Lines from the entries below that hold "chairs" form the answer; copy all of them.

• Data

· · · · · · ·

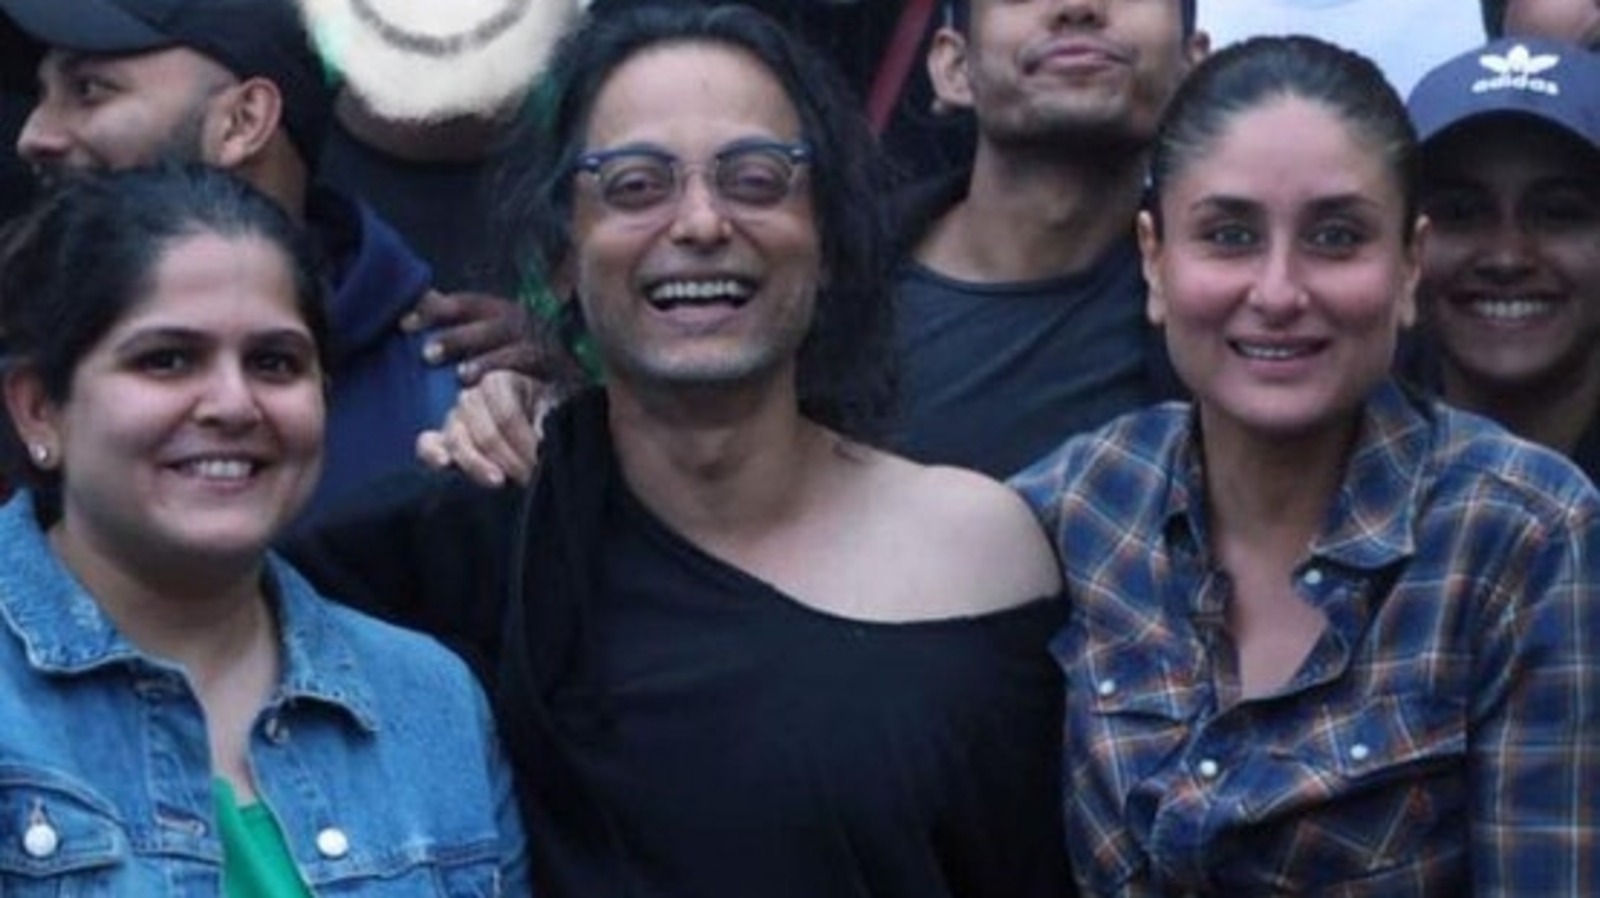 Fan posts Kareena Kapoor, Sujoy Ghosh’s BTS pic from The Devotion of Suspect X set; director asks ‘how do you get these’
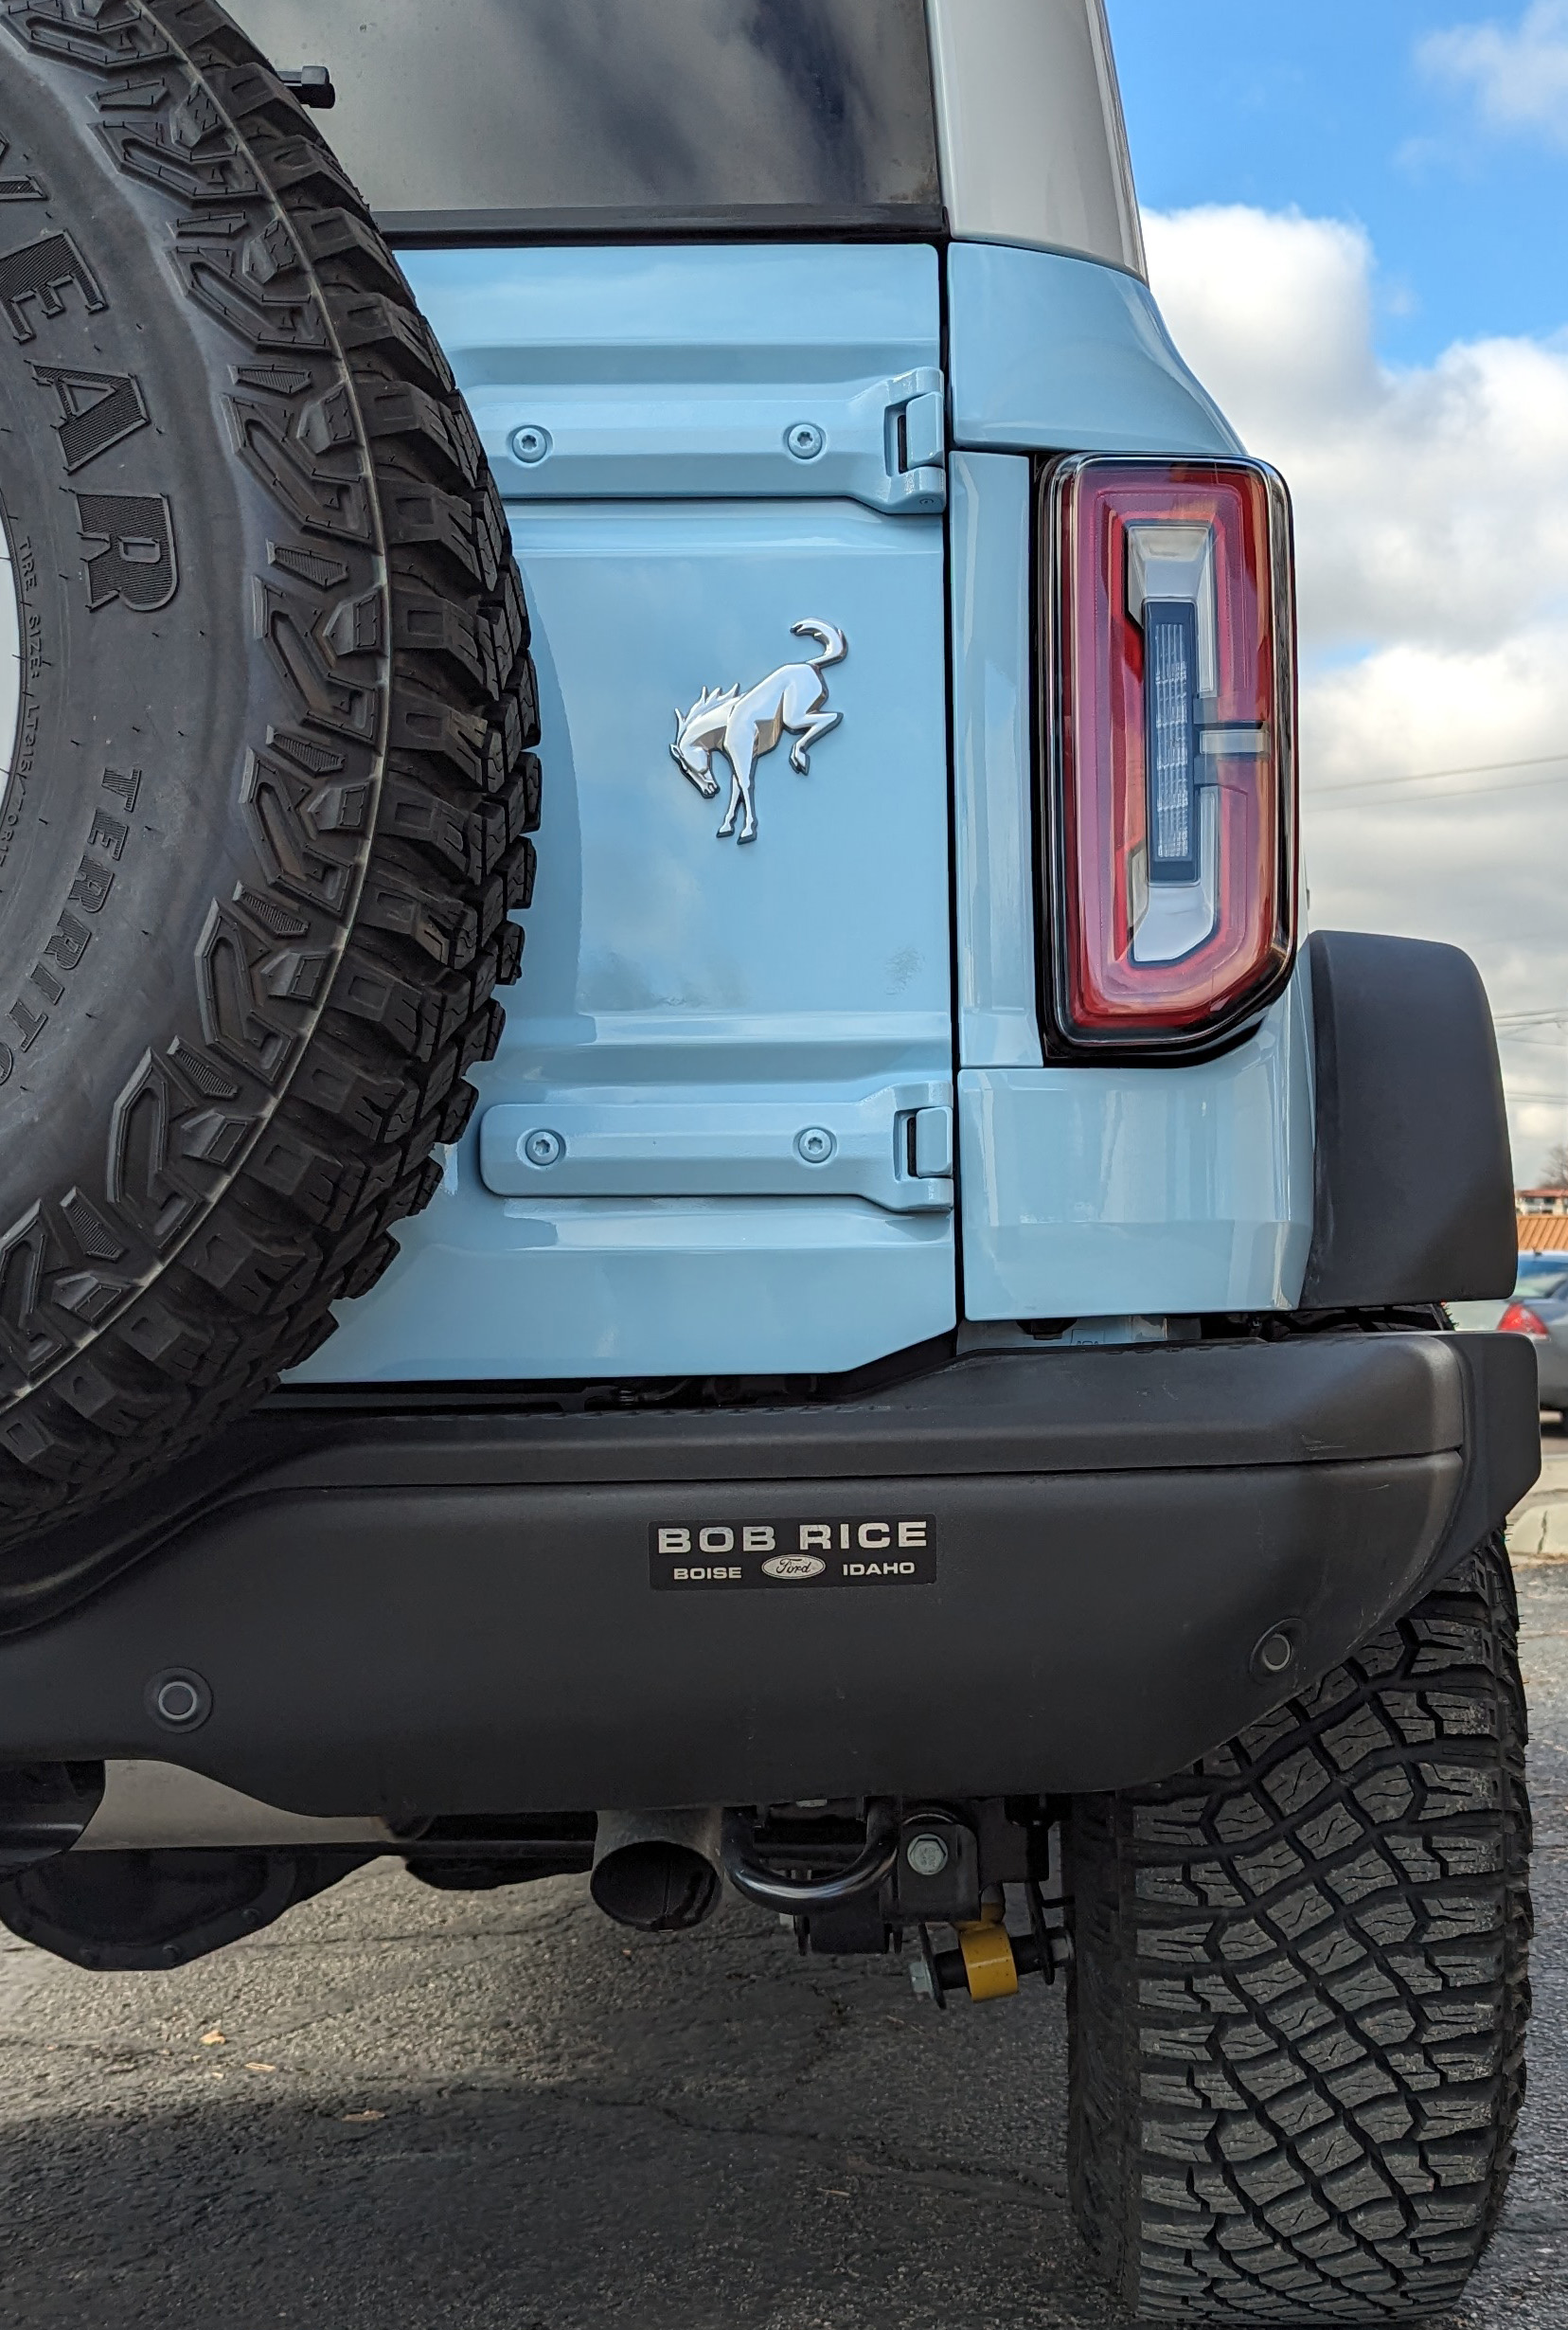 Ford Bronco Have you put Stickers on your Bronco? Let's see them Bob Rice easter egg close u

· · · · · · ·

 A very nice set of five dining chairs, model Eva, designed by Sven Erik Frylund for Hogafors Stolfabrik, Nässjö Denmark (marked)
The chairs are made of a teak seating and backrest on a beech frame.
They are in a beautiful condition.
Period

· · · · · · ·

• Answer to the problem
 A very nice set of five dining chairs, model Eva, designed by Sven Erik Frylund for Hogafors Stolfabrik, Nässjö Denmark (marked)
The chairs are made of a teak seating and backrest on a beech frame.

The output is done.